▸ **Supplied material**
■ ■ ■

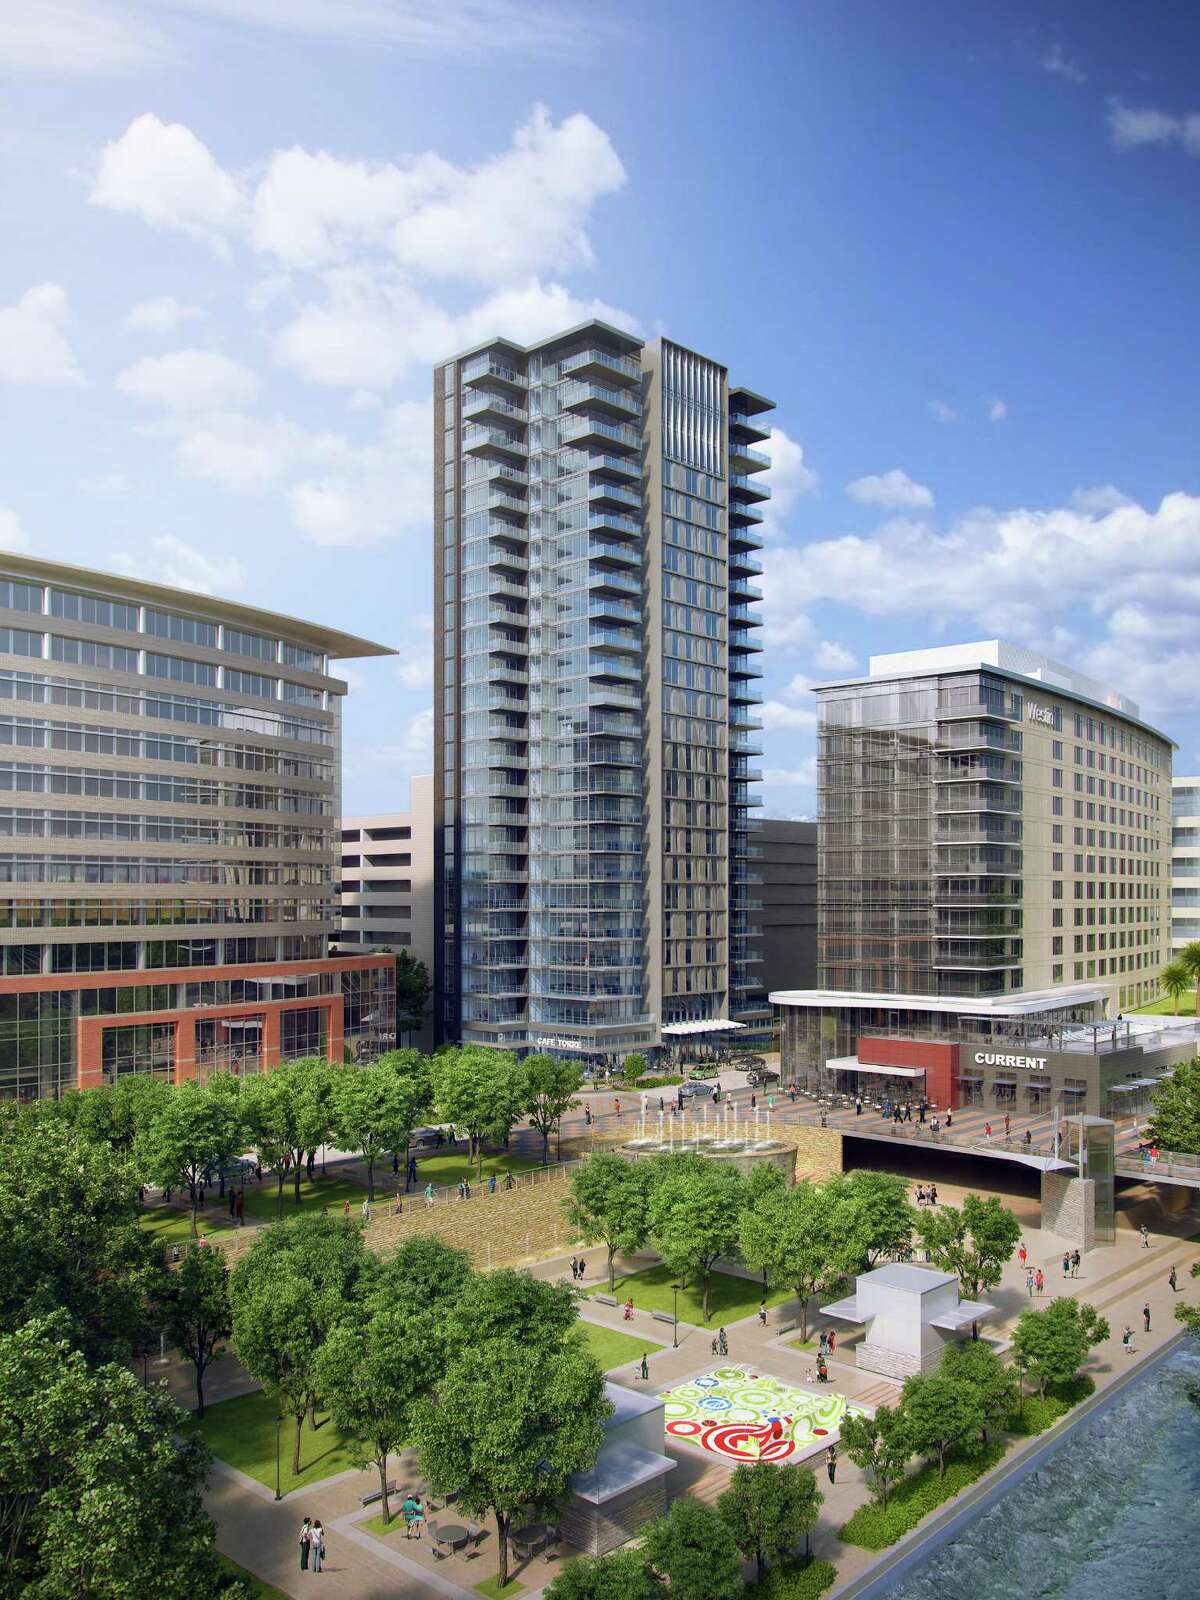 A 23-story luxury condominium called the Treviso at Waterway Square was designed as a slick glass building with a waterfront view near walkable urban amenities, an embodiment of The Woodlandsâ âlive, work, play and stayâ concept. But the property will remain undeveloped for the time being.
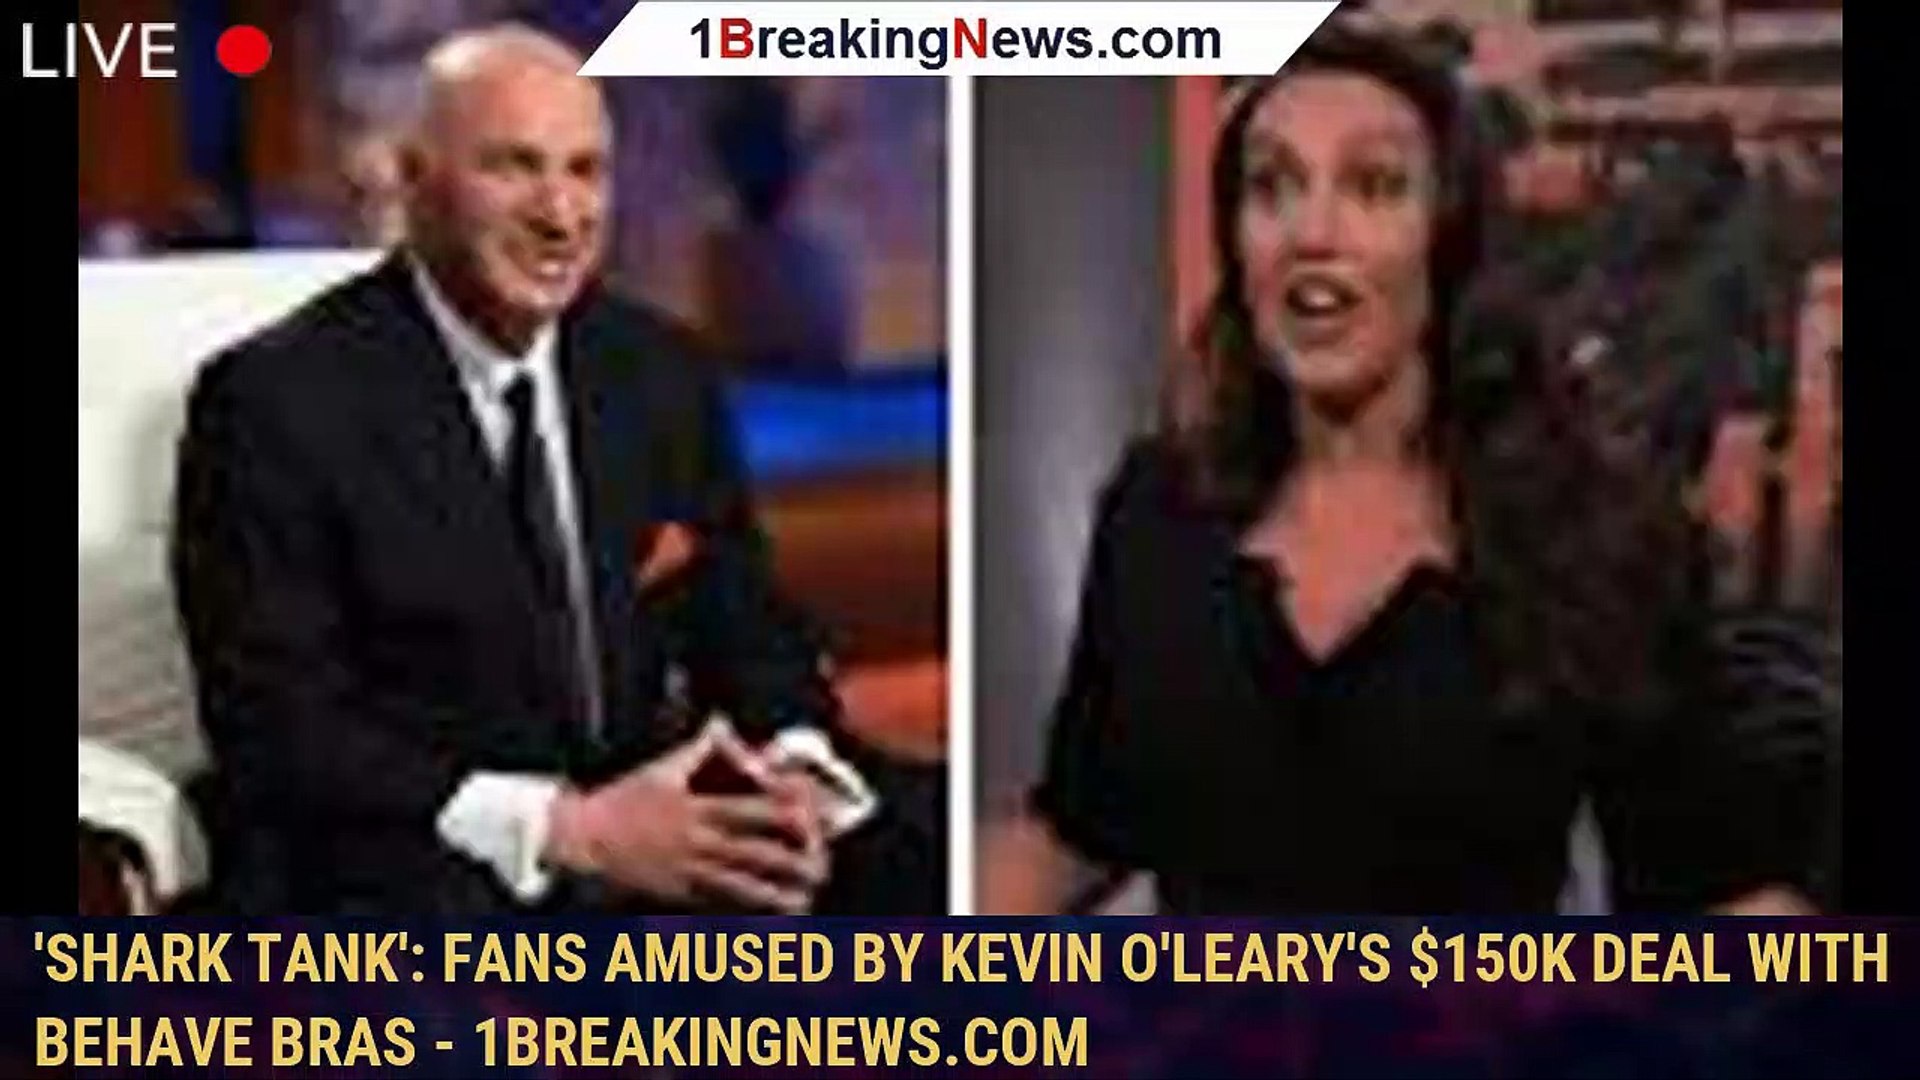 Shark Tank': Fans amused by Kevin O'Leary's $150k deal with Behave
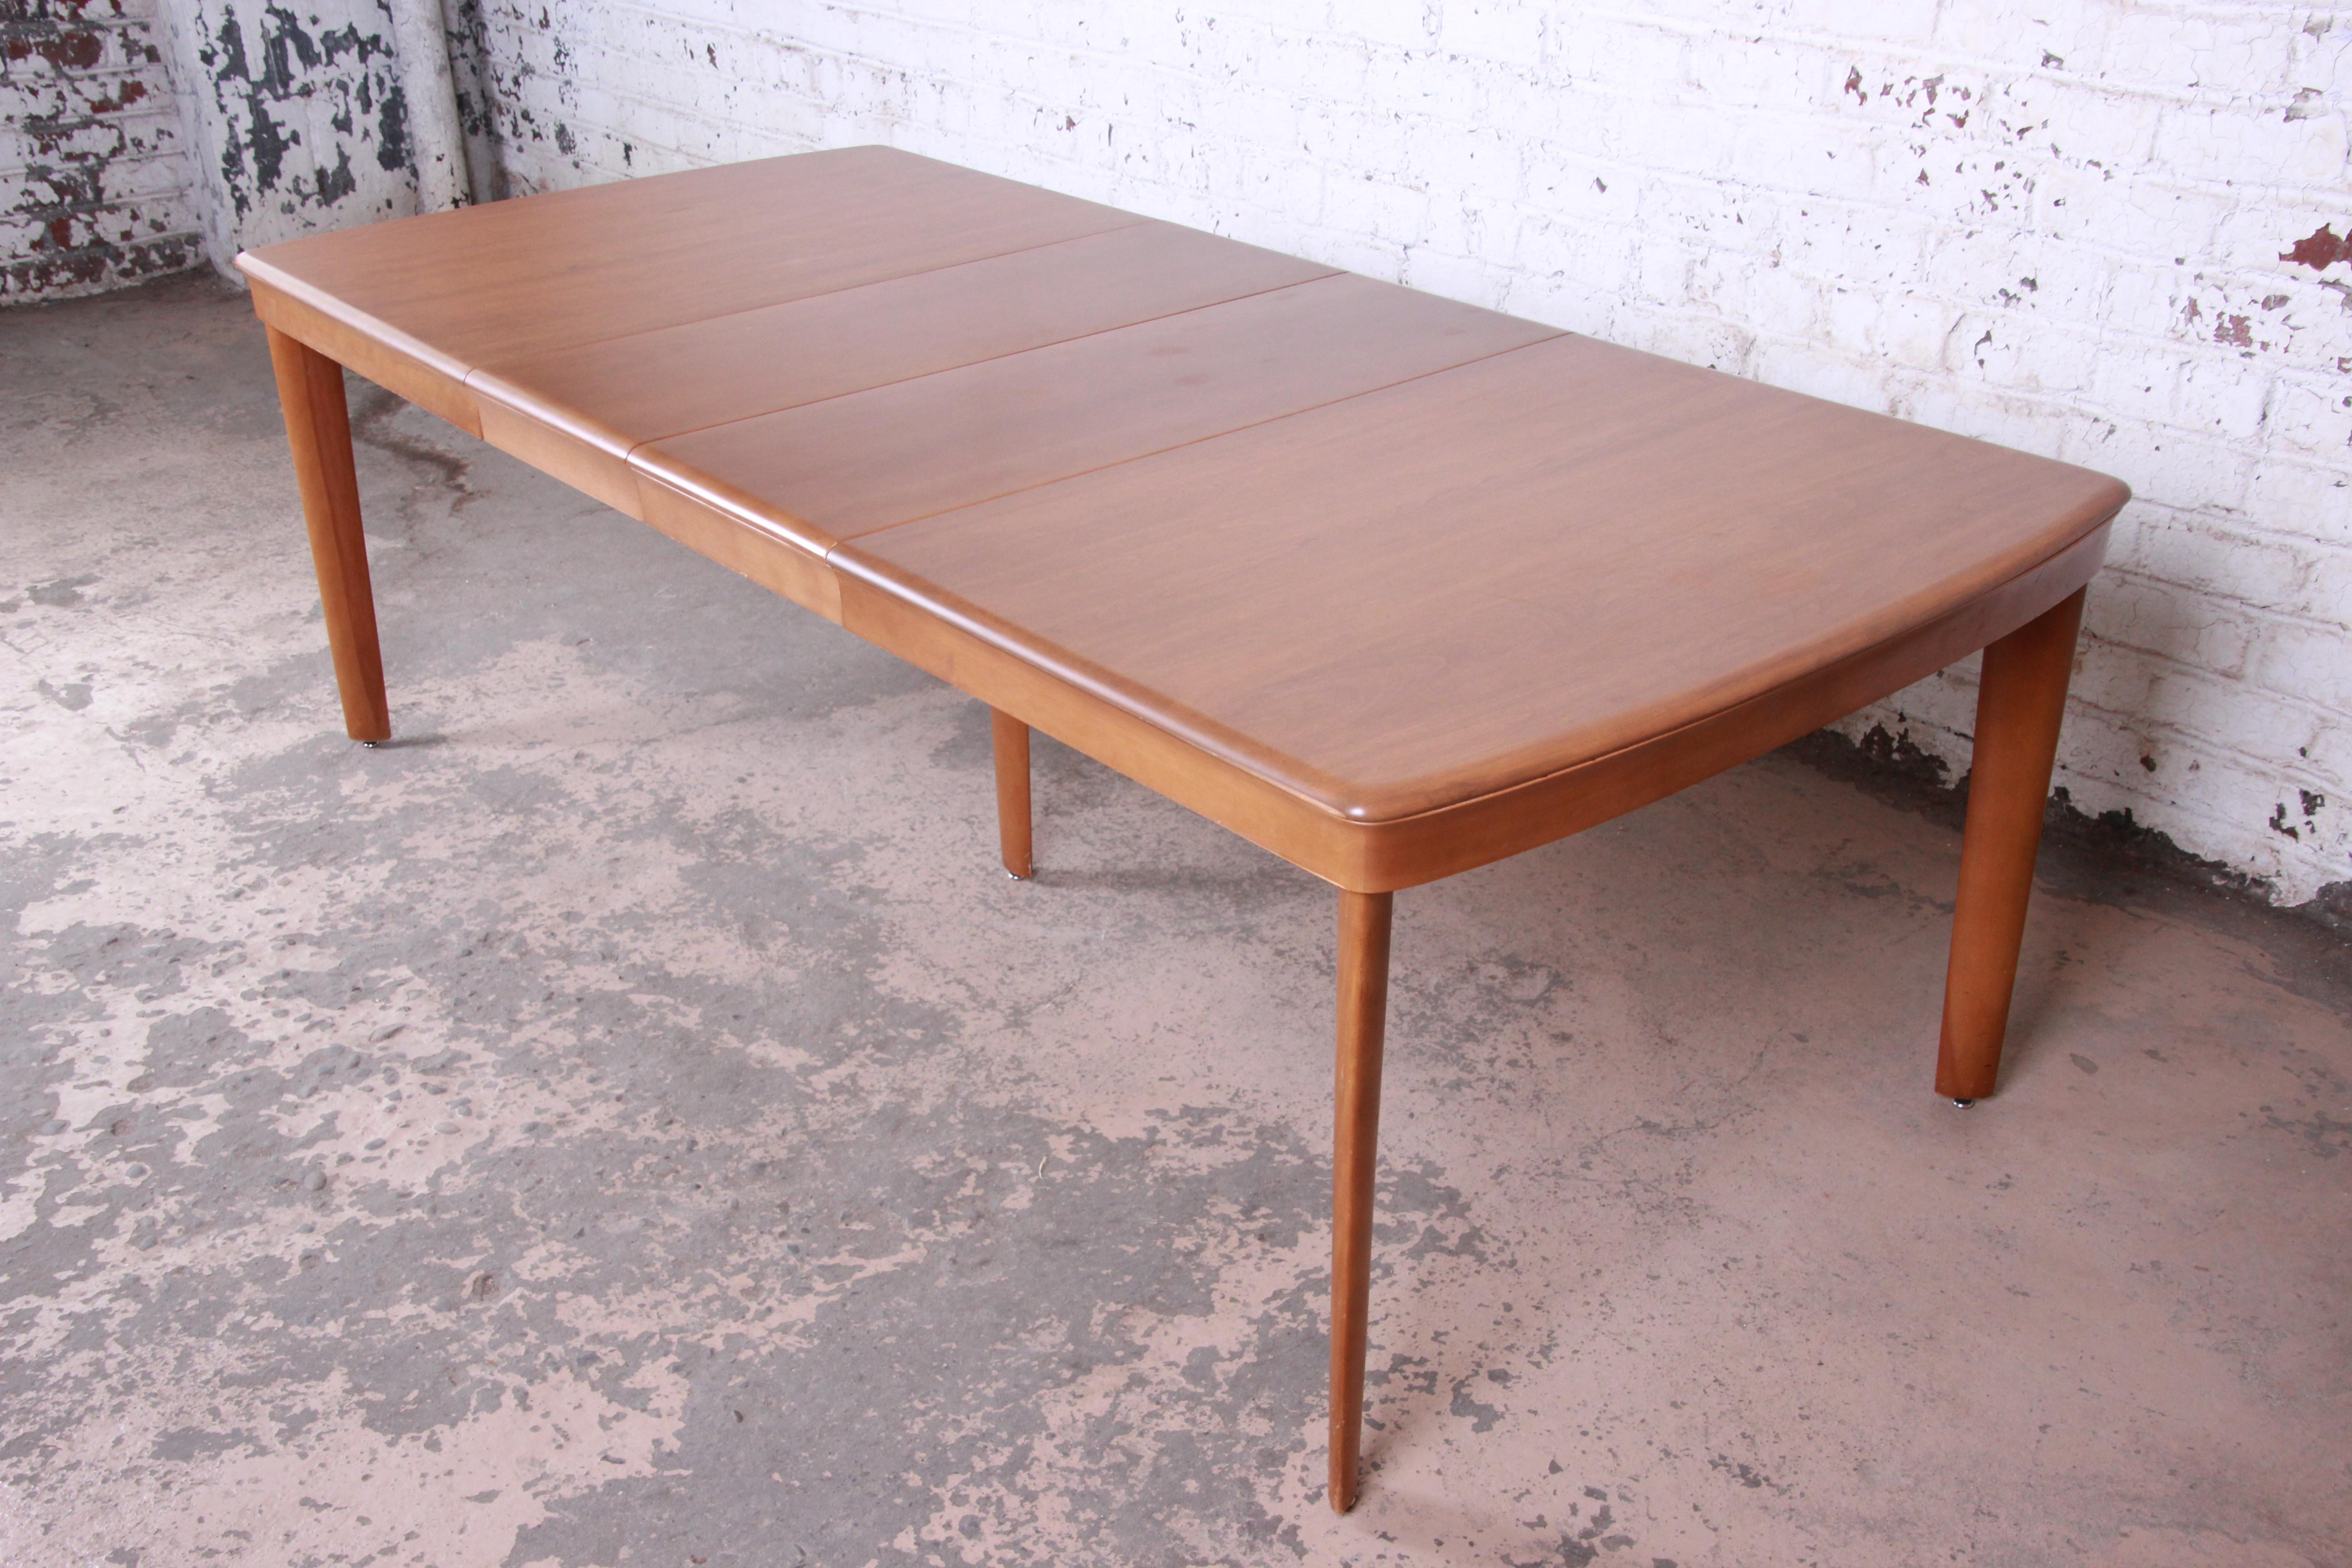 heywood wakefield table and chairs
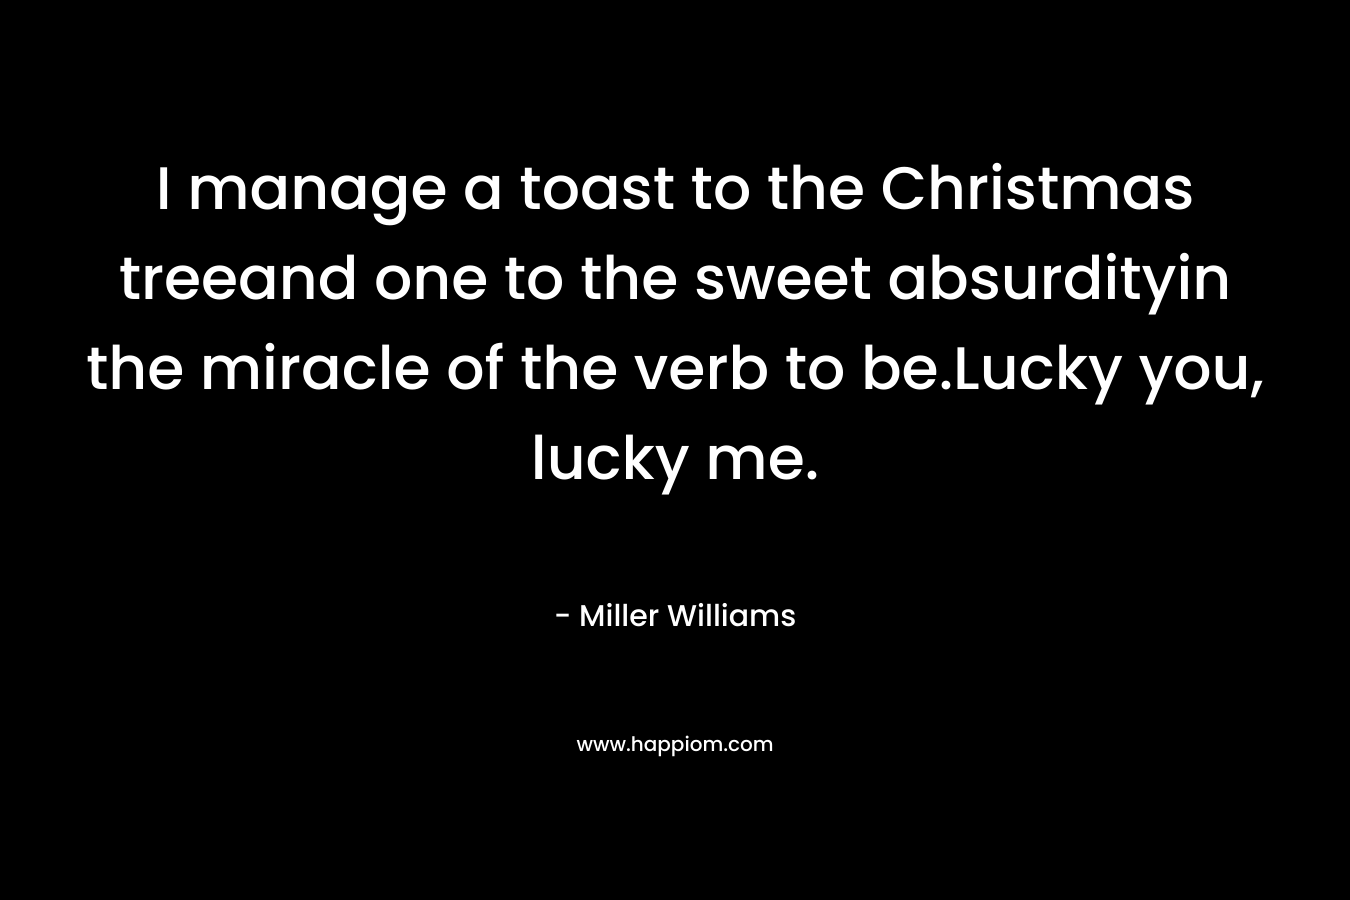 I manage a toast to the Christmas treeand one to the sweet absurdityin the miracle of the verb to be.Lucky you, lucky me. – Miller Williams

■ ■ ■

▸ **About this task**
Leaving out only the pictures, reproduce the listing exactly.

▸ **Answer to the problem**
 A 23-story luxury condominium called the Treviso at Waterway Square was designed as a slick glass building with a waterfront view near walkable urban amenities, an embodiment of The Woodlandsâ âlive, work, play and stayâ concept. But the property will remain undeveloped for the time being.
 Shark Tank': Fans amused by Kevin O'Leary's $150k deal with Behave
 heywood wakefield table and chairs
 I manage a toast to the Christmas treeand one to the sweet absurdityin the miracle of the verb to be.Lucky you, lucky me. – Miller Williams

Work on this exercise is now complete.